Edgar nominee Marston (one of several pseudonyms of British author Keith Miles) offers his 12th engaging, leisurely Elizabethan theater mystery (The Devil's Apprentice, etc.) featuring Nicholas Bracewell and Westfield's Men, a tightly knit acting company. A fine actor, Frank Quilter puts in a poor performance because his father has been convicted of murder. Quilter persuades Bracewell, the company's stage manager, that his father is innocent and that witnesses have perjured themselves. When his father is hanged, the company wants to expel Quilter, but Bracewell persuades the others merely to suspend him. Quilter and Bracewell investigate, starting with the witnesses who helped send the elder Quilter to the gallows. At the annual St.

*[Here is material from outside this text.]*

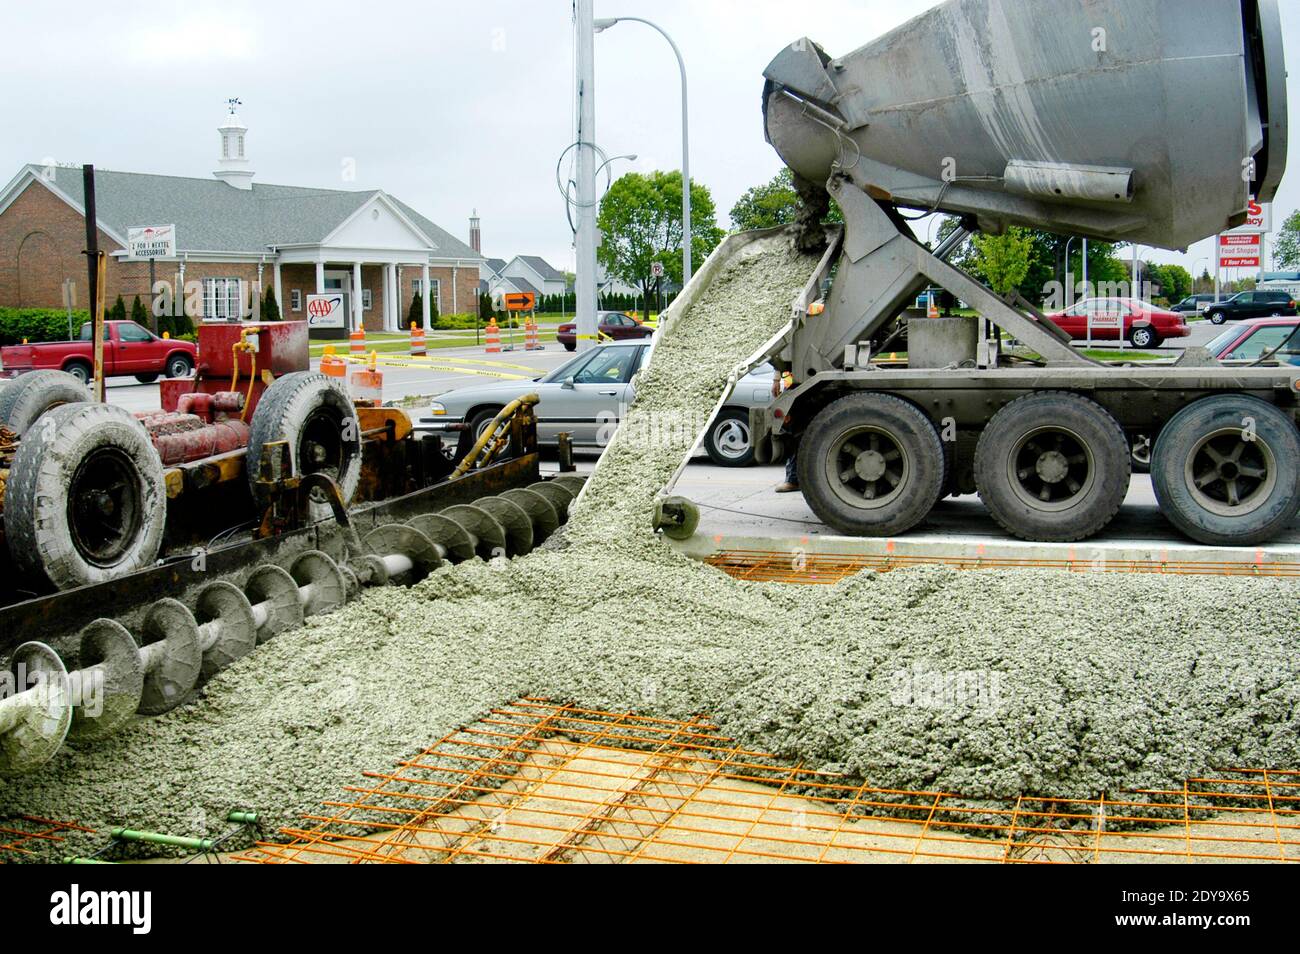 These are the two ways to get concrete from the truck to poured in

Bartholomew's Fair they find the eponymous bawdy basket, a female peddler of notions and favors, who contravenes the perjurers' testimony just before she's murdered. The company is damaged even further when its playwright is approached and conquered by a comely, wealthy widow with whom he wants to retire to the country and write sonnets in her praise. A final blow to the players comes when a usurer demands payment of the many debts of Lord Westfield, the company's patron, who, like most London gentlemen, extravagantly lives on borrowed money. Marston neatly resolves all the difficulties and ties up the plot strings while conveying through the judicious use of period language the atmosphere of 16th-century England. (Aug. 12)
FYI:Keith Miles was the guest of honor at the annual Malice Domestic convention in May. His last mystery was
Bermuda Grass (Forecasts, Feb. 25), part of his Alan Saxon golf series.